できることなら、ノートの位置をすぐに見つけて、素早く持ち去っていきたかった。けれど、見たところノートは部室の棚のどこにも見当たらなかった。もっと近くに行ってよく探せば見つかるかもしれない。それか、どこか別の場所に置いてあるのかもしれない。何にせよ、目的を果たして、この場をあっという間に去ることは難しそうだった。
十数秒、沈黙があった後だった。部屋を焦った様子で見渡し、どう身の振り方を選んでいいのかも分からずに立ち尽くしている僕を見て、彼女の中で、僕への恐怖よりも、幼い子供やみじめな者を見る憐みのようなものが増したのだろう。彼女は、どうしたの? と口を開いた。

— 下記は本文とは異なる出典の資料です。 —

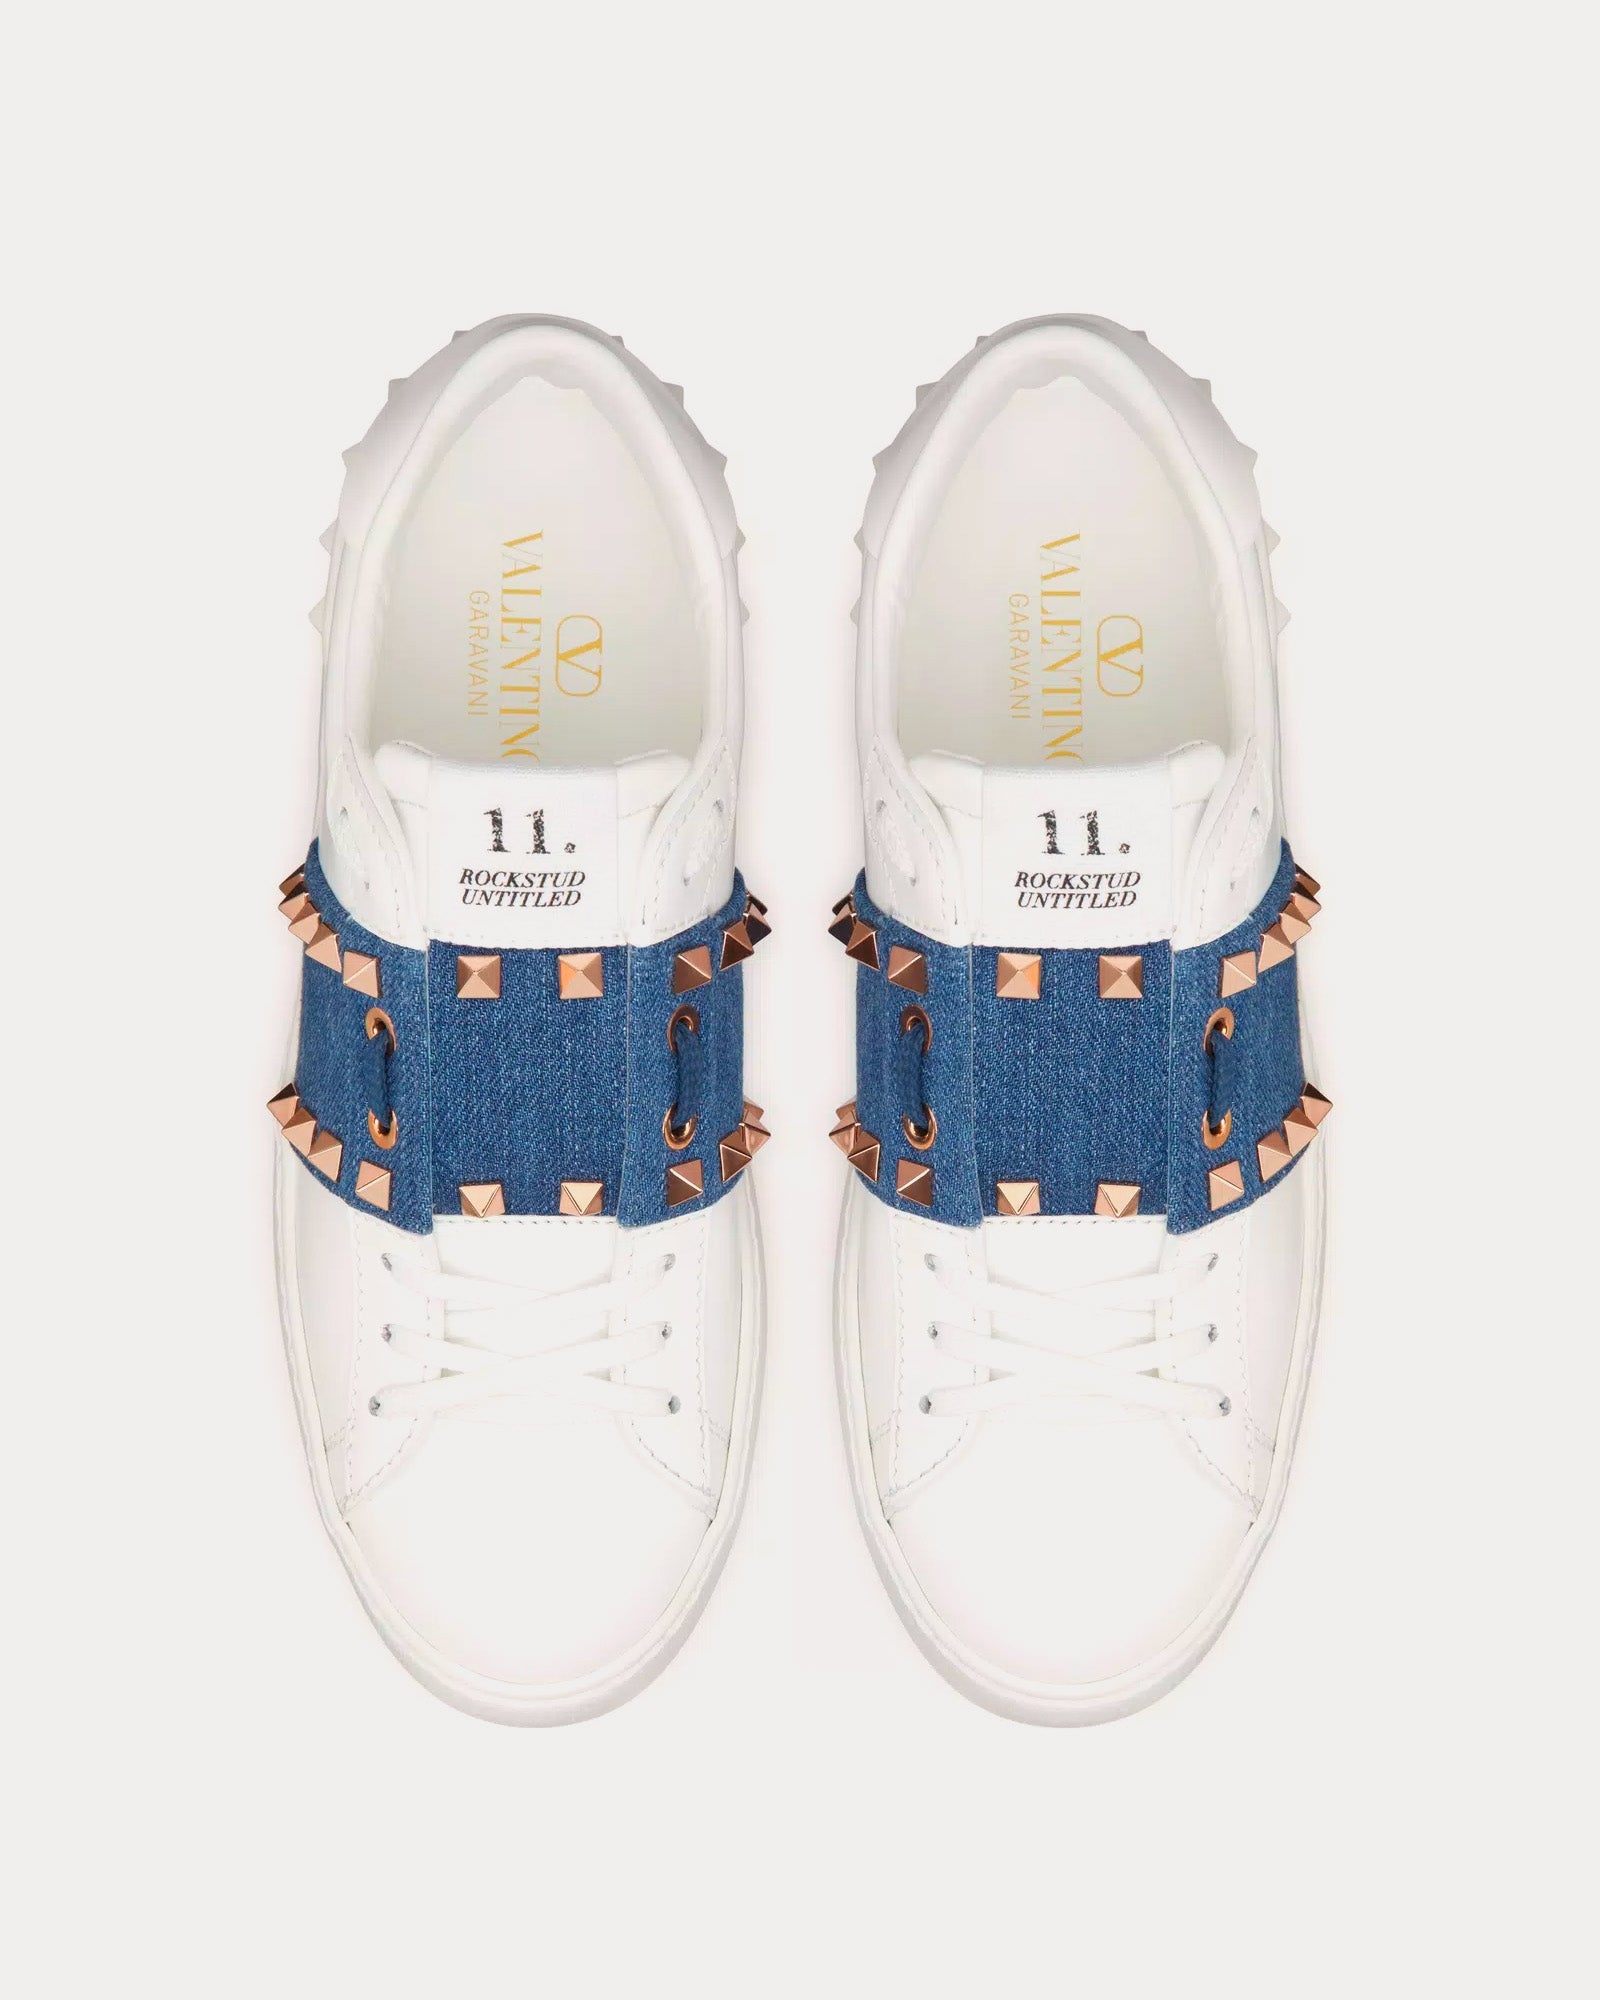 Valentino - Rockstud Untitled Calfskin with Denim Band White / Denim Low Top Sneakers

僕は何度も見てきた彼女の優しさを思い出した。そして、胸に隠していた冷たい決意が、わずかずつ溶かされてしまうのを感じた。
「ノートを、取りに来て……」吃りながら、僕は答えた。
いろいろな過去の感情と共に、絶望がそのすき間から洩れだして、心の中を染めていった。それは、自分の決意が踏みにじられ、それに抗う力のない自分の無力への絶望だった。
彼女は僕が部室に入るのを許してくれた。本棚の近くに行くと、ノートのありかはすぐに分かった。ノートの背をつかんで引っぱり出し、パラパラと中身をめくった。懐かしい昔の絵だった。
ノートを持って部屋を出た。彼女と、何か言葉を交わすでもなかった。最後に僕は一言「ごめん」とだけ呟いた。声が相手の耳に届いたかどうか分からない。「ごめん」が、どういう意味で言われて、伝わったのか、それも分からない。多分、幾通りもの意味があった。言葉はいつか必要な形に消化されて、全ては落ち着くだろう。正しい言葉を選ぶ必要なんて、なかった。
大学からの帰り道、僕は安寧を胸に抱いていた。自分の手で一度殺したはずの安寧だった。僕はその安寧に包まれて、身もだえ、叫んだ。再びそれを燃やし尽くそうとして、言葉を吐き出した。
果たして、それは還るべき場所へと還った。
翌日、約束した場所に先輩はやって来なかった。一時間待った後で、僕は連絡を取ろうとすることもせず、そのまま自分の家へと帰った。
先輩が現れなかったことは、僕に、かつてあった調和がもう死んでいて、一度死んだものはもう生き返らないのだということを、教えてくれた。僕は絶望し、そして再び落ち着いた。
世界の持つ流れは僕をとらえていた。そして、決して僕を離すことがなかった。